Now the follow-up, The Terror: Infamy (BBC Two/iPlayer, from Friday), has finally arrived after another three-year wait. It’s all an infuriating throwback to the days when the Corporation had a habit of wasting acclaimed US imports. It would snap up The Wire, Seinfeld or Mad Men, then shunt them around the schedules until viewers lost patience.

It’s a real shame. The second chapter of this supernatural anthology series makes stylishly bleak drama out of a disgraceful period of American history: the internment of 120,000 US citizens with Japanese ancestry after the attack on Pearl Harbor.

It is the first major TV depiction of this injustice and several members of the creative team have family connections to the scandal. George Takei (Star Trek) was imprisoned in two such camps as a child. He stars in a supporting role and served as historical consultant.

The Terror: Infamy - Ed Araquel
The Terror: Infamy - Ed Araquel

Our main protagonist, however, is Chester Nakayama (Derek Mio), a Californian photography student with a natty line in fedoras. His immigrant parents are branded “enemy nationals”, implausibly accused of spying. Uprooted from their fishing community near Los Angeles and bundled onto buses at gunpoint, they are forced into remote camps.
The indignities don’t end there.

A vengeful spectre was also at large, picking off the villagers in grisly ways. Had an ancient spirit followed them from Japan, seeking payback for a past wrong? Or was such talk just superstitious mumbo-jumbo spouted by cowed elders from the old country?

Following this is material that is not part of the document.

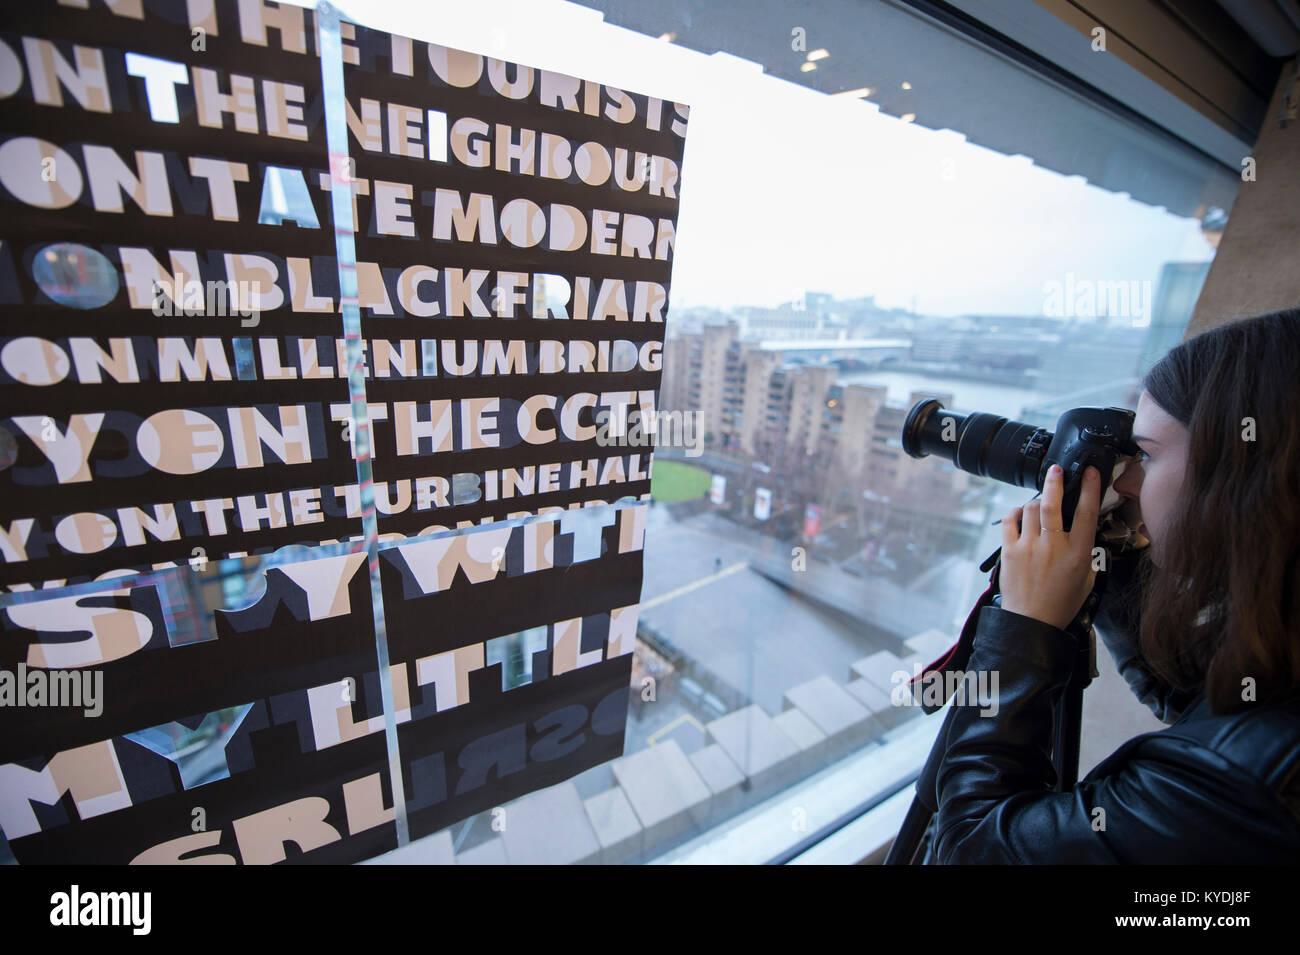 Tate Modern, London, UK  15th Jan, 2018  Photo: Caroline
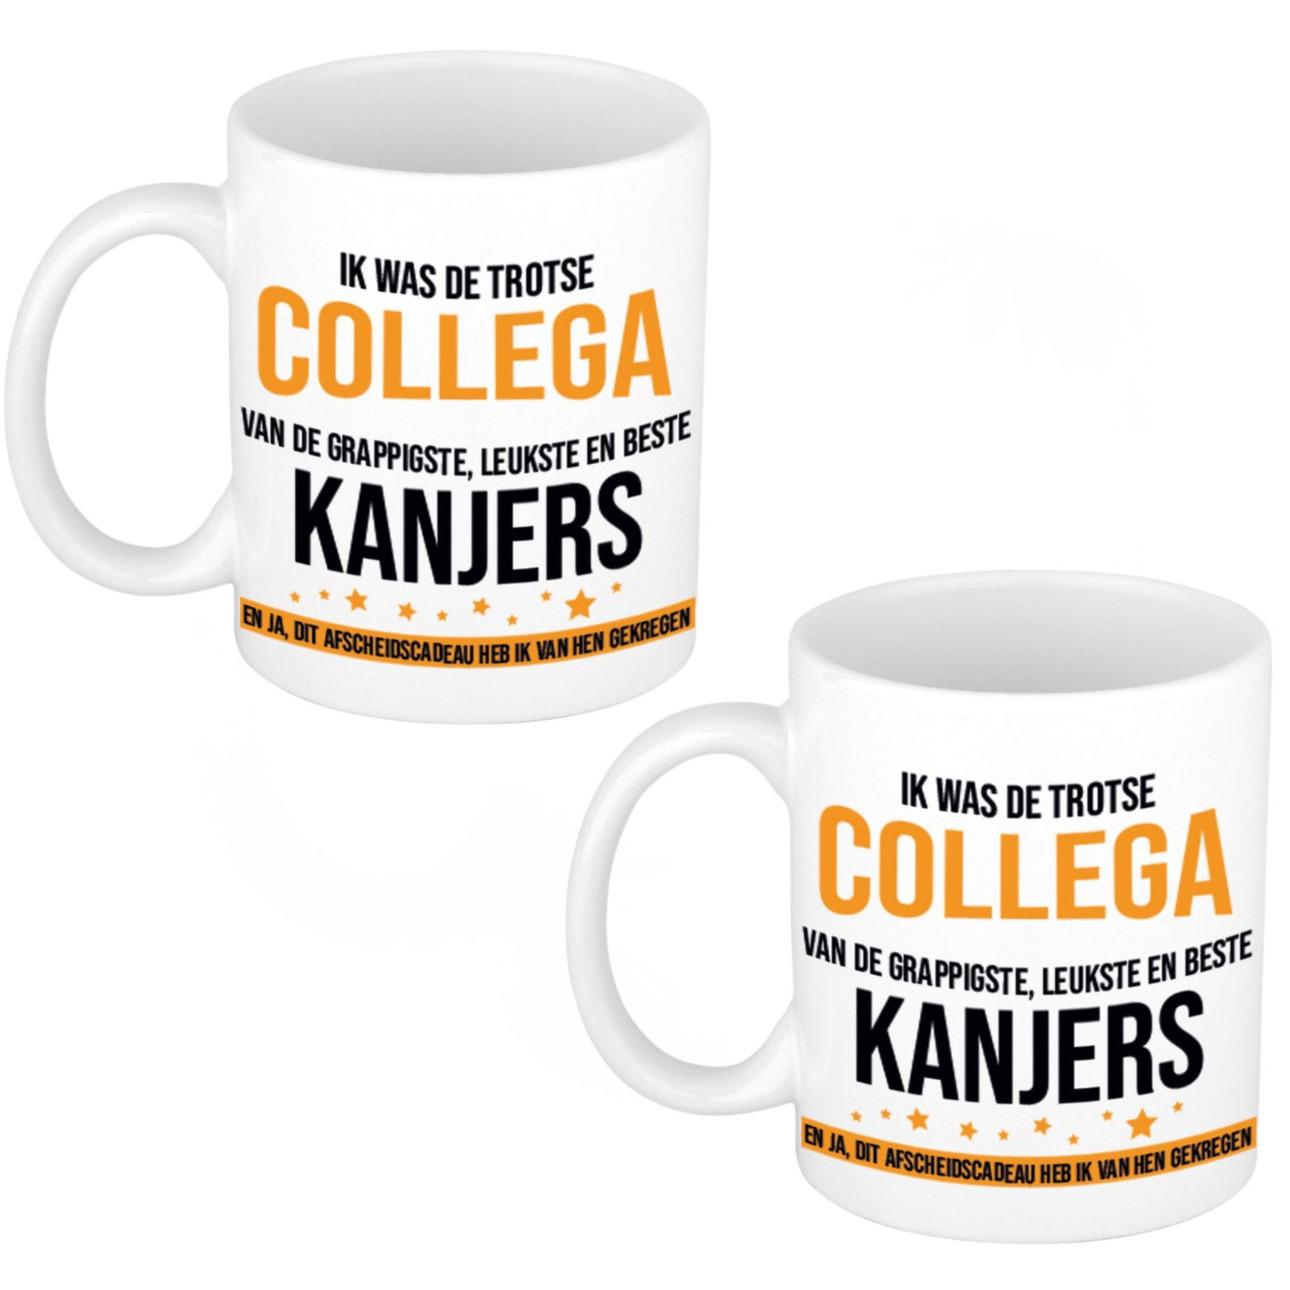 2x stuks trotse collega kanjers afscheidscadeau koffiemok - theebeker 300 ml

Presumably the intention was to interweave the evils of racism with paranormal horrors. (Presciently, the US broadcast coincided with Trump’s Mexican border detention centres.)

The result is suspenseful and atmospheric but slow-burning to the point of inertia. The story works better as a righteously angry family saga than a fantasy chiller. Worth a look out of historical interest but for far superior drama, seek out the first series. You’ll never look at polar bears in the same way again.